Eating a well-rounded diet means mixing up your source of protein, which comes with many health benefits. But how often do you add fish into your menu rotation? Aside from being full of healthy fats, vitamin B, and potassium, here’s another reason to add it to your diet—it may help reduce inflammation in the body and lower your risk of heart disease.
In a recent study published in Atherosclerosis, researchers looked at eicosapentaenoic acid (EPA), and docosahexaenoic acid (DHA), two types of omega-3 fatty acids found in fish and shellfish. Both EPA and DHA have previously been found to lower the risk of heart disease by reducing inflammation.

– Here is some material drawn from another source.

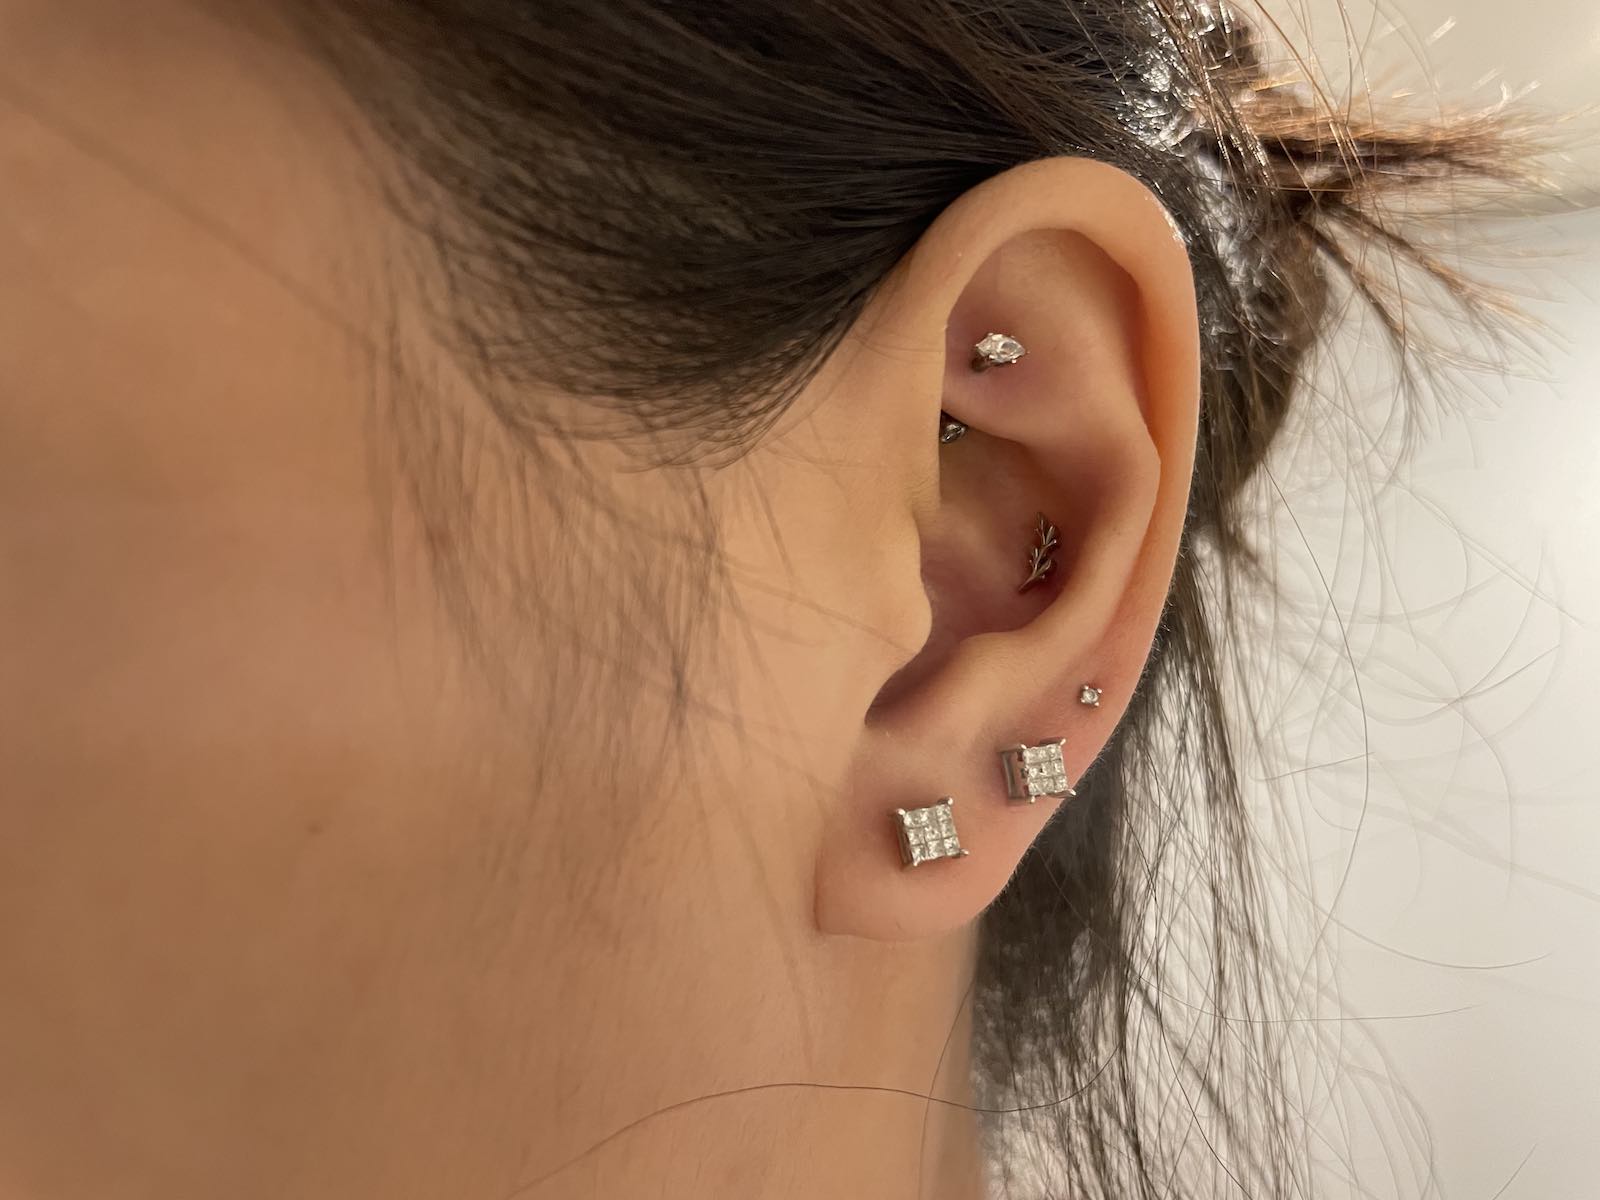 A close-up of a woman’s ear. She has three lobe piercings, a rook piercing and a conch piercing. The lobes have studs in them with clear gems, the conch piercing has a leaf-shaped stud, and the rook has a stud and a crystal

This is the first study to compare the effect of DHA and EPA on the ability of white blood cells to turn off inflammation and promote healing, Stefania Lamon-Fava, M.D., Ph.D., scientist on the Cardiovascular Nutrition Team at the Jean Mayer USDA Human Nutrition Research Center on Aging at Tufts University, told Runner’s World.
During the 34-week trial, a small group of people first consumed 3 grams of sunflower oil daily (which doesn’t contain omega-3s) for a baseline comparison. Then participants were given fish oil supplements either containing EPA or DHA twice a day, which they took for 10 weeks, with a 10-week period between where they didn’t take a supplement. The EPA and DHA supplements were prepared by a company that specializes in the preparation of fish oil, using sardines from fish farms off the Pacific coast.
Results showed that those taking supplements that contained omega-3s saw lower inflammation, but with slightly different results.
Both EPA and DHA reduce the production of pro-inflammatory proteins by circulating white blood cells, with DHA being more effective in that regard than EPA. However, EPA, but not DHA, was found to activate proteins and cells that are involved in the healing process. Therefore, the balance of anti-inflammation and healing is better achieved with EPA than DHA, Lamon-Fava said.
Currently, the American Heart Association (AHA) and the Dietary Guidelines for Americans suggest two fish meals (4 ounces per serving) per week. However, this study was conducted with doses higher than what can be achieved by two fish meals per week, so in order to see results, supplementation may be needed, Lamon-Fava said.
“Inflammation is the root cause of many chronic diseases, including cardiovascular disease,” Lamon-Fava said. By reducing inflammation, in this case via the omega-3s in fish oil supplements, the progression of cardiovascular disease can be slowed down and, in some cases, reversed.
Bottom line: There is no set recommendation for the amount of EPA or DHA you should have in a day, according to the National Institute of Health, but it is recommended males consume 1.6 grams and females 1.1 grams of omega-3s daily. While you can get these benefits if your diet meets the weekly fish intake recommendations set by the AHA, many runners may find their diet lacking. So, you may want to consider talking to your doctor about supplementing your omega-3 intake with fish oil to boost your heart health.